---
title: "XAItest: Enhancing Feature Discovery with eXplainable AI"
shorttitle: XAItest
author: Ghislain FIEVET <ghislain.fievet@gmail.com>
package: XAItest
abstract: >
    XAItest is an R Package designed for integrating eXplainable Artificial
    Intelligence (XAI) techniques with traditional statistical analysis to
    enhance the discovery and interpretation of significant features within
    datasets. It applies p-values and feature importance metrics, such as
    SHAP, LIME or custom functions. A major XAItest tool is the generation
    of simulated data to establish significance thresholds, aiding in the
    direct comparison of feature importance with statistical p-values. The
    package aims at helping researchers and bioinformaticians seeking to
    uncover key features inside a dataset.
output:
    BiocStyle::html_document:
        toc: true
        toc_depth: 2
vignette: >
  %\VignetteIndexEntry{01_XAItest}
  %\VignetteEngine{knitr::knitr}
  %\VignetteEncoding{UTF-8}
---

# Add a custom feature importance function
"The *XAItest* package includes several classic feature importance algorithms
and supports the addition of new ones. To integrate an *XGBoost* model and
generate its feature importance metrics using the *SHAP* package *shapr*. 
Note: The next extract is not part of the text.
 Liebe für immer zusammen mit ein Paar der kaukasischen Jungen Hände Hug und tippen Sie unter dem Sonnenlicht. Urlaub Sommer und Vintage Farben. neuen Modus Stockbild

### The following function structure is required

The function should accept:
- *df*: a DataFrame where rows represent samples and columns represent
    features.
- *y*: the name of the target feature.
- *...*: to authorize additional arguments.

The function should return:
- *featImps*: the list of feature importance for each feature.
- *modelPredictions* (optional): the list of predictions when the model is
        applied to *df*, utilized in the *plotModel* function.
- *model* (optional): the model used to compute feature importance, employed
        in the *plotModel* function when *modelPredictions* is unavailable.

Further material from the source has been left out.